Escenario: Un agente de policía uniformado viene a la puerta de su domicilio. Dice que tiene órdenes para arrestarlo en relación con un crimen cometido en su vecindario la noche anterior. Los vecinos creen que lo vieron a usted huir del edificio. El agente de policía indica que es posible que lo acusen de asalto armado.
“Esto es absurdo”, le dice usted. “Soy inocente y puedo probarlo”. Usted tiene testigos en quienes puede confiar para probar dónde estuvo la noche anterior, una prueba indiscutible de que no ha infringido la ley, que no ha cometido ningún delito. No tiene usted la menor duda de que esto sencillamente es una equivocación, y que la verdad, la ley y toda evidencia están de su lado. Pronto se comprueba que esto es la verdad y, en consecuencia, usted es puesto en libertad y exento de toda sospecha y acusación.

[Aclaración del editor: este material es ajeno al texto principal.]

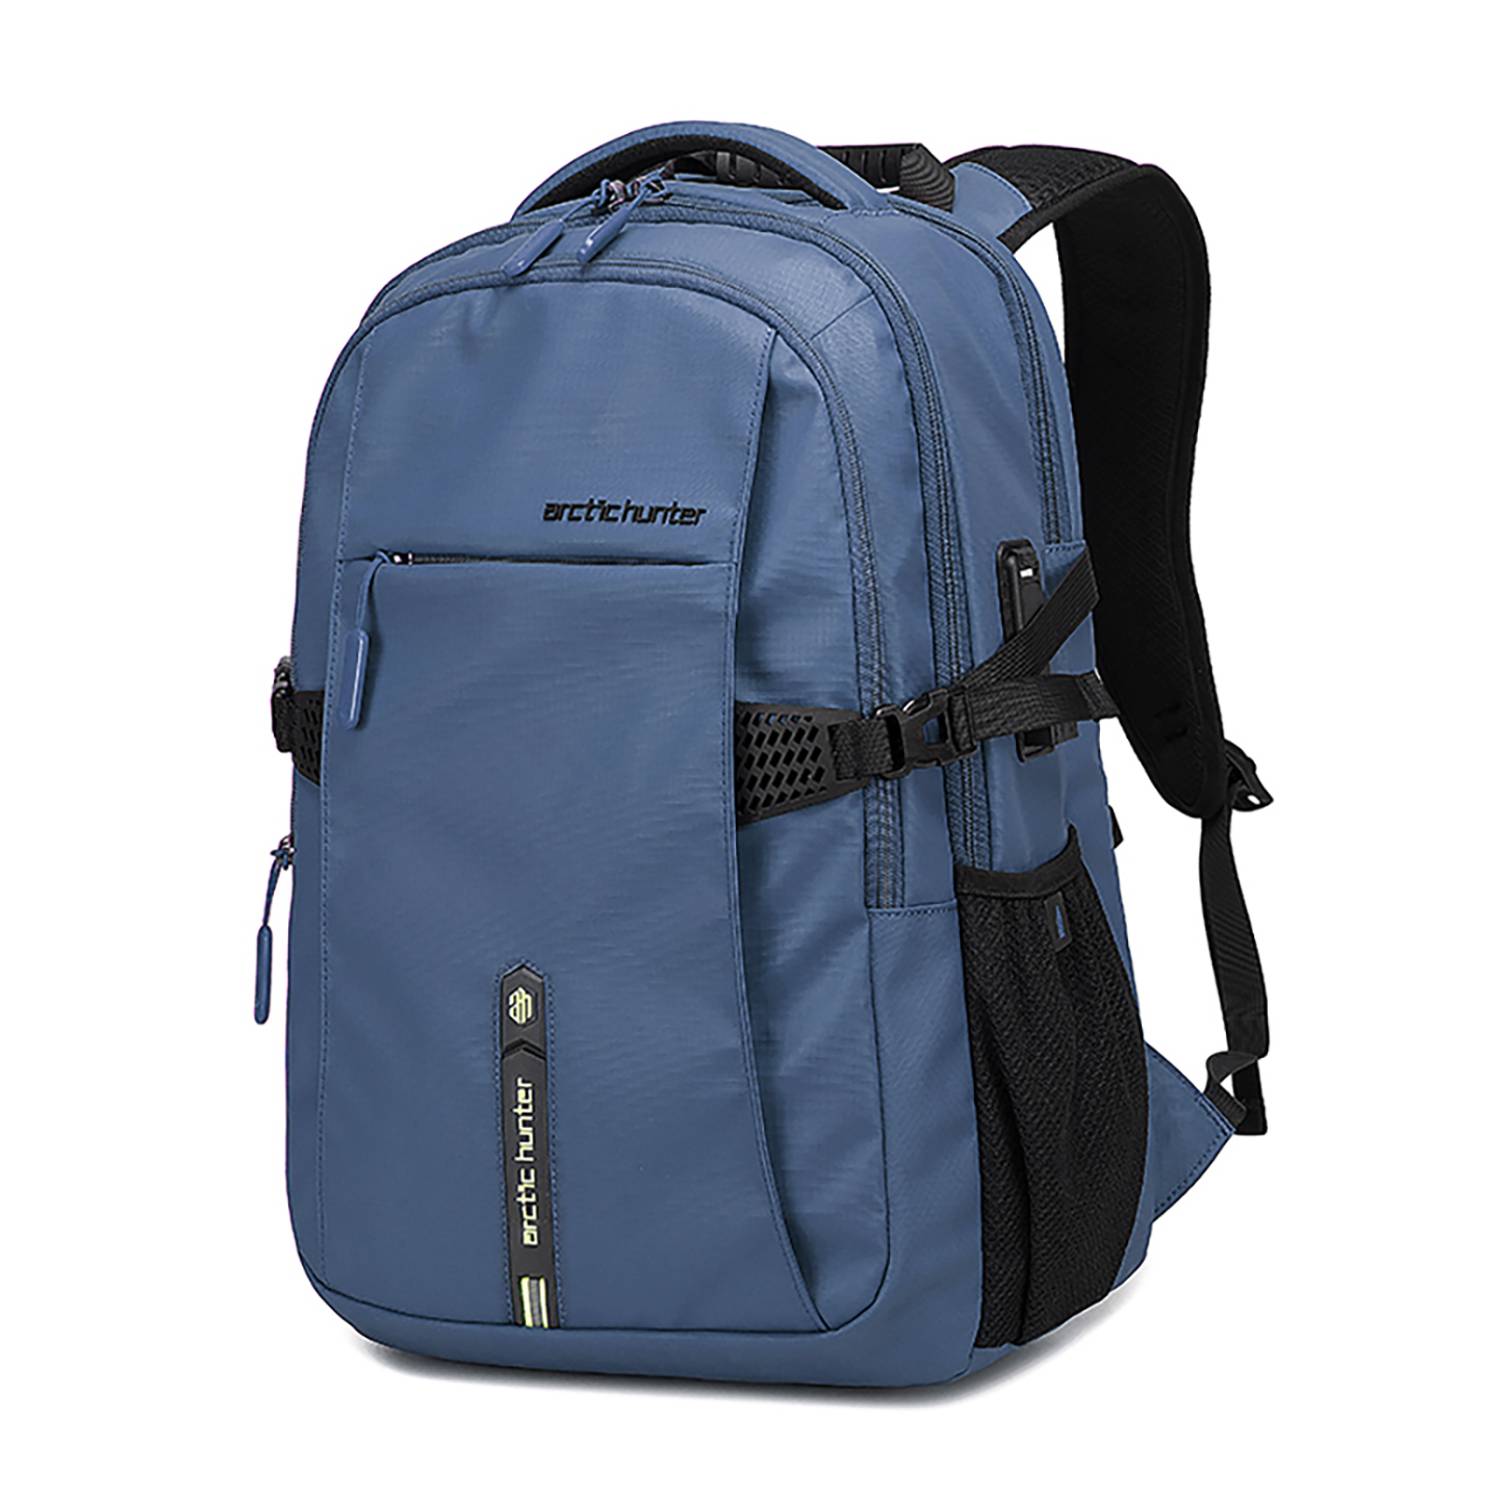 Mochila Puma Phase Backpack 079615 05 Azul para Hombre PUMA

Tratando de imaginarse a sí mismo en tal circunstancia, ilustraría un punto obvio. Usted no soportaría una acusación falsa. En vez de quedarse sentado sin hacer nada o entristecerse, se levantaría y daría pasos enérgicos para probar su inocencia. Cualquier persona inocente daría pasos sabios y enérgicos para proteger su libertad personal de esa manera.